DGE: Direct Gaussian 3D Editing by Consistent Multi-view Editing
Minghao Chen, Iro Laina, Andrea Vedaldi
TL;DR
This work tackles language-guided editing of 3D scenes by addressing the inefficiencies of relying on 2D editors that yield view-inconsistent edits. It introduces Direct Gaussian Editor (DGE), which uses a fast 3D Gaussian Splatting representation and a two-stage process: first achieving multi-view consistency by extending a diffusion-based editor with spatio-temporal attention and epipolar constraints, then directly fitting the edited views to the 3D model via a rendering-based objective written as $\min_{\mathcal{G}} \sum_{t=1}^T \| I'_t - \operatorname{Rend}(\mathcal{G}, \pi_t) \|$ with LPIPS guidance.
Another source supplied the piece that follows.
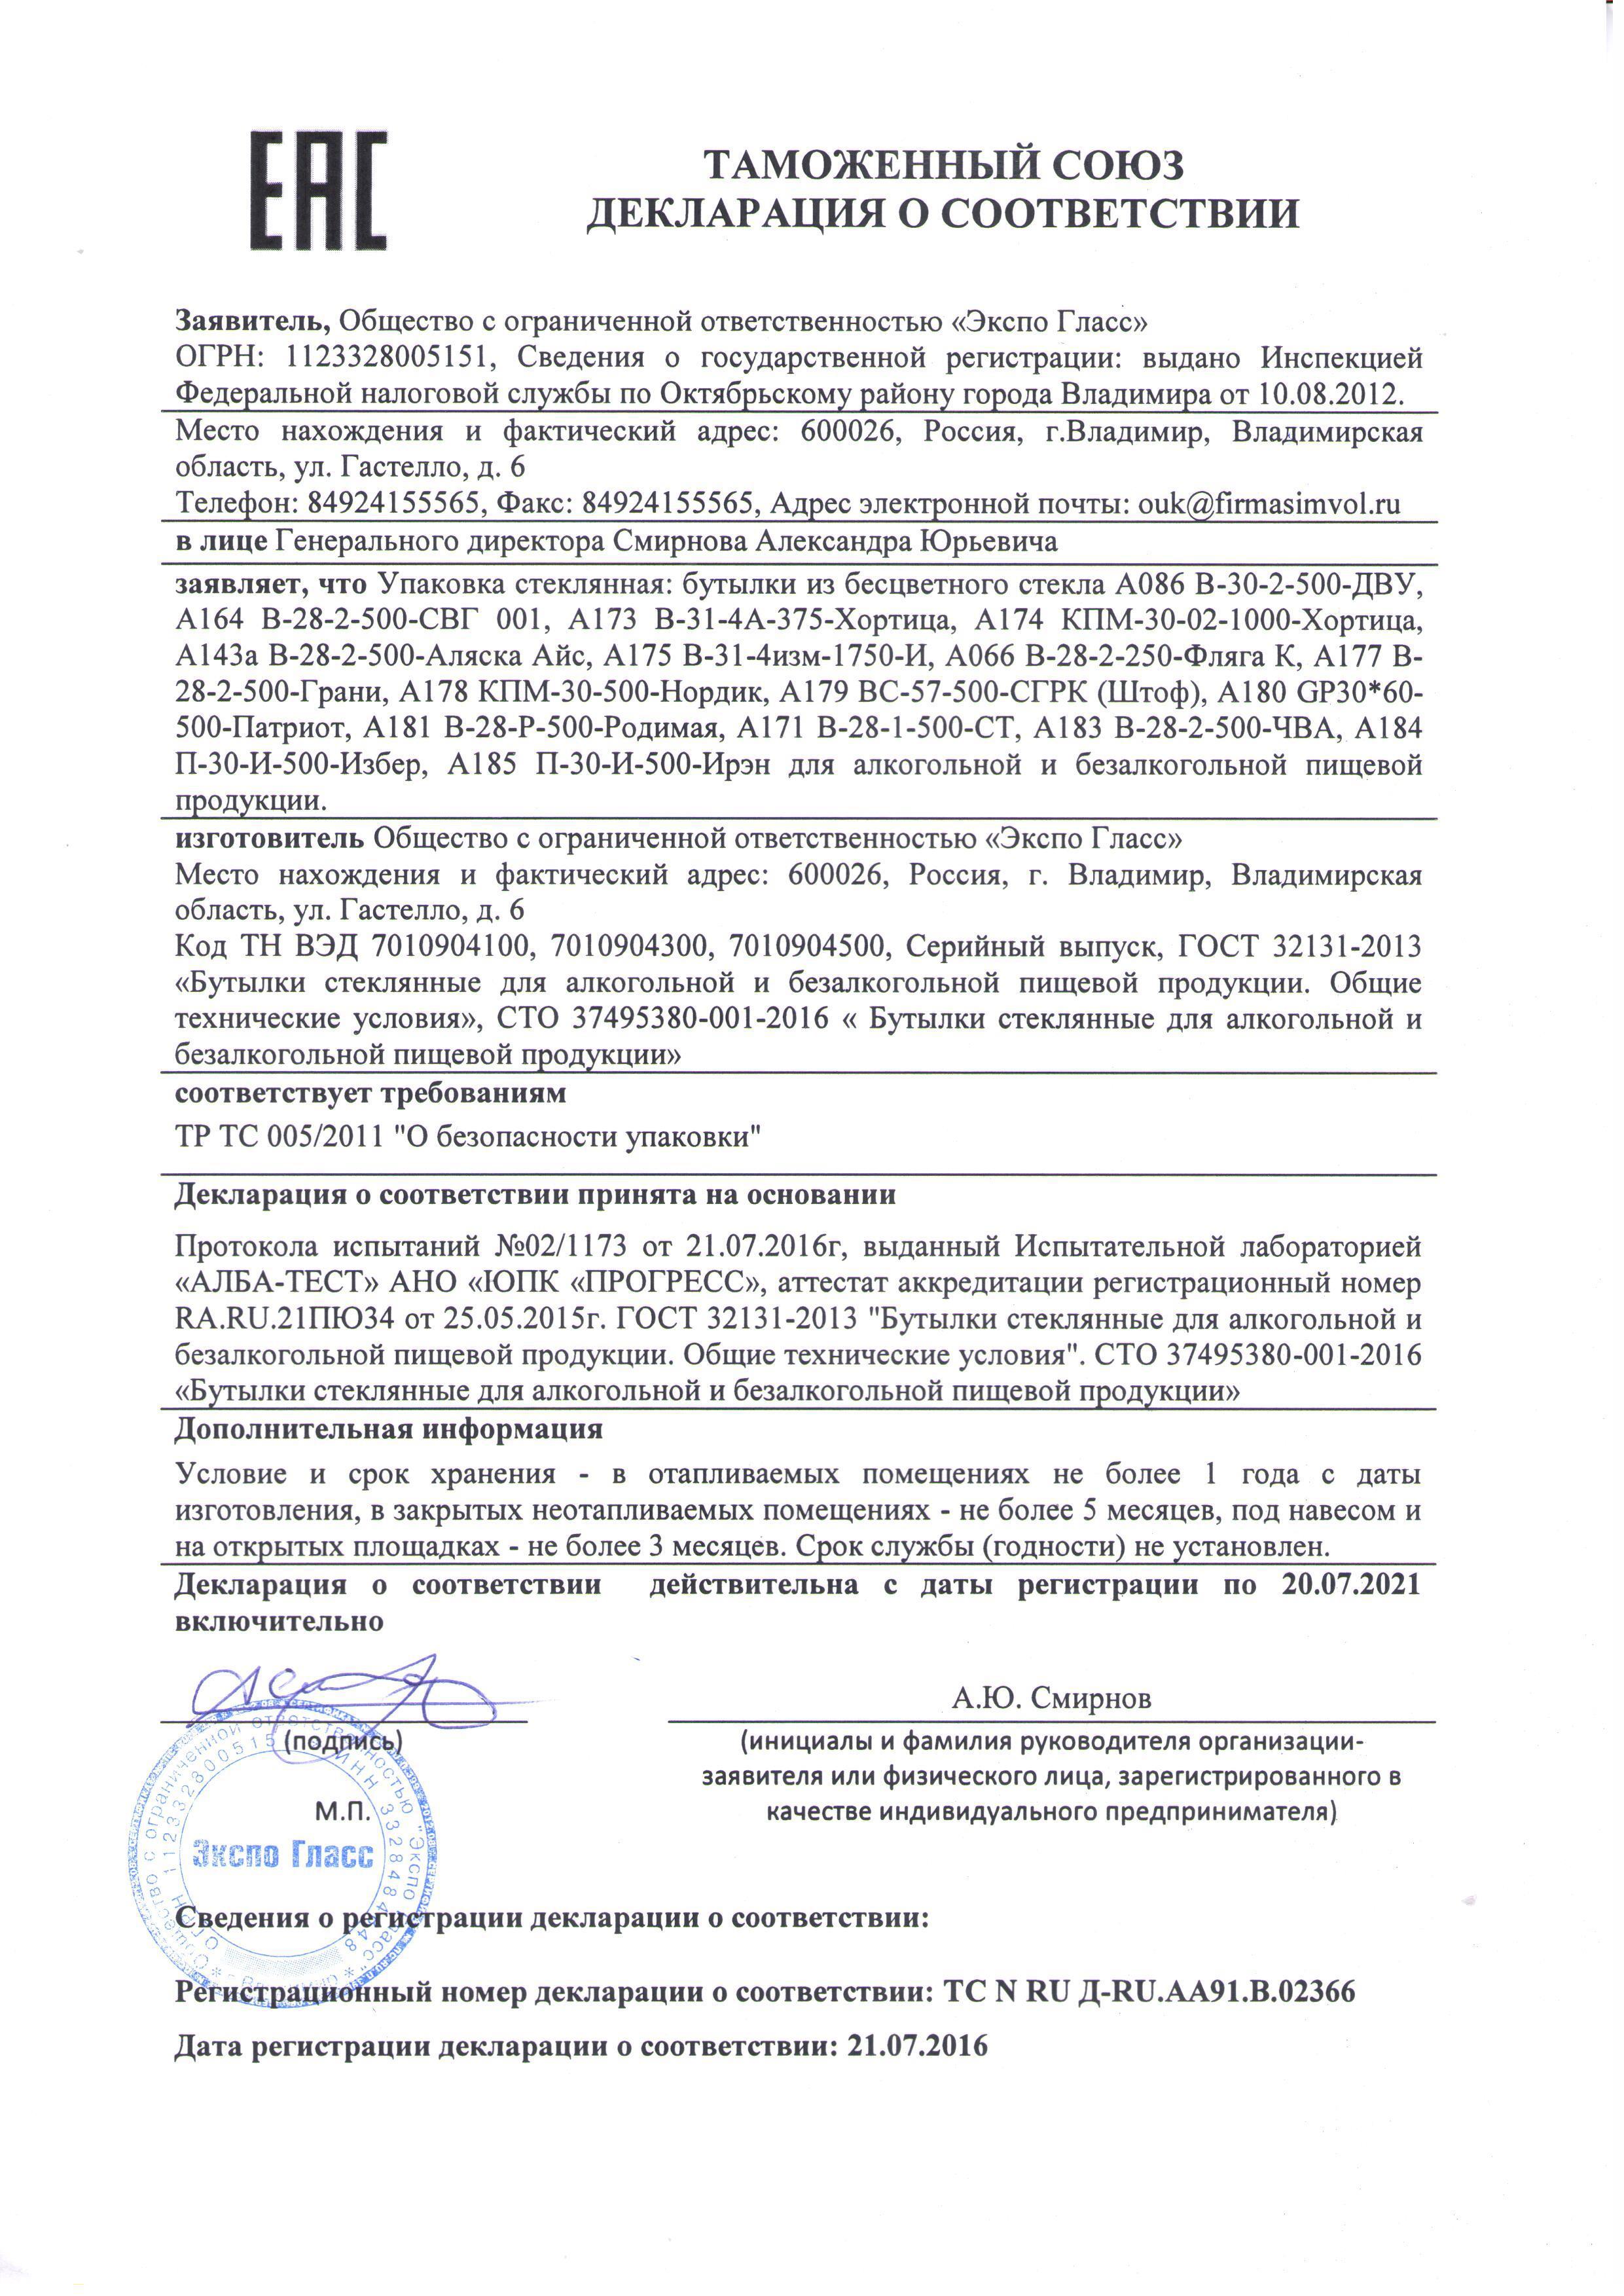 ТС № RU Д-RU АА91.В.02366

The approach enables selective editing since Gaussians can be masked and edited locally, and it yields substantial speedups (e.g., around 4 minutes per edit) with higher fidelity compared to prior methods like IN2N, GaussianEditor, and ViCa-NeRF. Experiments on real and synthetic datasets show improved CLIP-based alignment and texture detail, validating multi-view consistency and epipolar-guided feature propagation as key factors for effective 3D editing with diffusion priors.
Abstract
We consider the problem of editing 3D objects and scenes based on open-ended language instructions. A common approach to this problem is to use a 2D image generator or editor to guide the 3D editing process, obviating the need for 3D data. However, this process is often inefficient due to the need for iterative updates of costly 3D representations, such as neural radiance fields, either through individual view edits or score distillation sampling. A major disadvantage of this approach is the slow convergence caused by aggregating inconsistent information across views, as the guidance from 2D models is not multi-view consistent. We thus introduce the Direct Gaussian Editor (DGE), a method that addresses these issues in two stages. First, we modify a given high-quality image editor like InstructPix2Pix to be multi-view consistent. To do so, we propose a training-free approach that integrates cues from the 3D geometry of the underlying scene. Second, given a multi-view consistent edited sequence of images, we directly and efficiently optimize the 3D representation, which is based on 3D Gaussian Splatting. Because it avoids incremental and iterative edits, DGE is significantly more accurate and efficient than existing approaches and offers additional benefits, such as enabling selective editing of parts of the scene.